■ Provided entries
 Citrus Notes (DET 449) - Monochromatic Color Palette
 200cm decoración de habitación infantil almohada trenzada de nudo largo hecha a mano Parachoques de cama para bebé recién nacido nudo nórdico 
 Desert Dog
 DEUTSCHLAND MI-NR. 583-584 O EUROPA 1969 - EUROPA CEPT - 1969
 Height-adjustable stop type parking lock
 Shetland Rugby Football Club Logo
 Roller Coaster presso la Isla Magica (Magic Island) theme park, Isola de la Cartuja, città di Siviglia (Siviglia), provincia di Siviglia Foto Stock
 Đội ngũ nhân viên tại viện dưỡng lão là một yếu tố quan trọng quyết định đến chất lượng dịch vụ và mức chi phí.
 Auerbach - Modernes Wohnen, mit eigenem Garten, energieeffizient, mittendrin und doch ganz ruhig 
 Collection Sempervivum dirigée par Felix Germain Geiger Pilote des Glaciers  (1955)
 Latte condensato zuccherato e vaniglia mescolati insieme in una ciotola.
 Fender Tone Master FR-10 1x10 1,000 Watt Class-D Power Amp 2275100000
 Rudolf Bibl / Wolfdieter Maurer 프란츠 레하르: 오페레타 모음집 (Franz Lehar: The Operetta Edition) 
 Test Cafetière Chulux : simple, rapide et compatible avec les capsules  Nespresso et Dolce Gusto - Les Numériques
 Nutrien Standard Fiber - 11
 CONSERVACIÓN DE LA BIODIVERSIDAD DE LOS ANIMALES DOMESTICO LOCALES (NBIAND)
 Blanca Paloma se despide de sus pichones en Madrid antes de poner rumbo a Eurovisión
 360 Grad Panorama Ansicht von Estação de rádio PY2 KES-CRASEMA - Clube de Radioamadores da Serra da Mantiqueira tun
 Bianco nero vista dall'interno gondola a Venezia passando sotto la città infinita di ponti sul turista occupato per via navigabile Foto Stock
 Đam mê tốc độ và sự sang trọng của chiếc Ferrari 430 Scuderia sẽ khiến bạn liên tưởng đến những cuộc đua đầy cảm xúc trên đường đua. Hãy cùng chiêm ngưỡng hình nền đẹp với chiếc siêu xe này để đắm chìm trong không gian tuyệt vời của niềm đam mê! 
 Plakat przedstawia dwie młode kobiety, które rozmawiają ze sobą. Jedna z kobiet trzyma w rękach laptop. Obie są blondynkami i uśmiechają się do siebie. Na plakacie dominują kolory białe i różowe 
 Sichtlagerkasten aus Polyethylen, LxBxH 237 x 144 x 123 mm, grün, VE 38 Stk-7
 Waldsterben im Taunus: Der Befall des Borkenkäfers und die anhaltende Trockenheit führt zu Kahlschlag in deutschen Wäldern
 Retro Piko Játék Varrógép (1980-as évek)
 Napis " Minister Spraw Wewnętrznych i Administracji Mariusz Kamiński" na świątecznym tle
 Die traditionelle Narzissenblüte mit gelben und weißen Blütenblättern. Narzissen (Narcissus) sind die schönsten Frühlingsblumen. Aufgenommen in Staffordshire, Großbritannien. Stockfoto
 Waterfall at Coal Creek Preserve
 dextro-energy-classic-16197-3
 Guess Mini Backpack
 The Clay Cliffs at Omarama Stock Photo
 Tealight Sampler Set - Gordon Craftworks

■ Exercise goal
Lines in scope run from the one holding "Waterfall at Coal Creek Preserve" to the last line of the material above; transcribe them exactly and omit the rest.

■ Solution to this exercise
 Waterfall at Coal Creek Preserve
 dextro-energy-classic-16197-3
 Guess Mini Backpack
 The Clay Cliffs at Omarama Stock Photo
 Tealight Sampler Set - Gordon Craftworks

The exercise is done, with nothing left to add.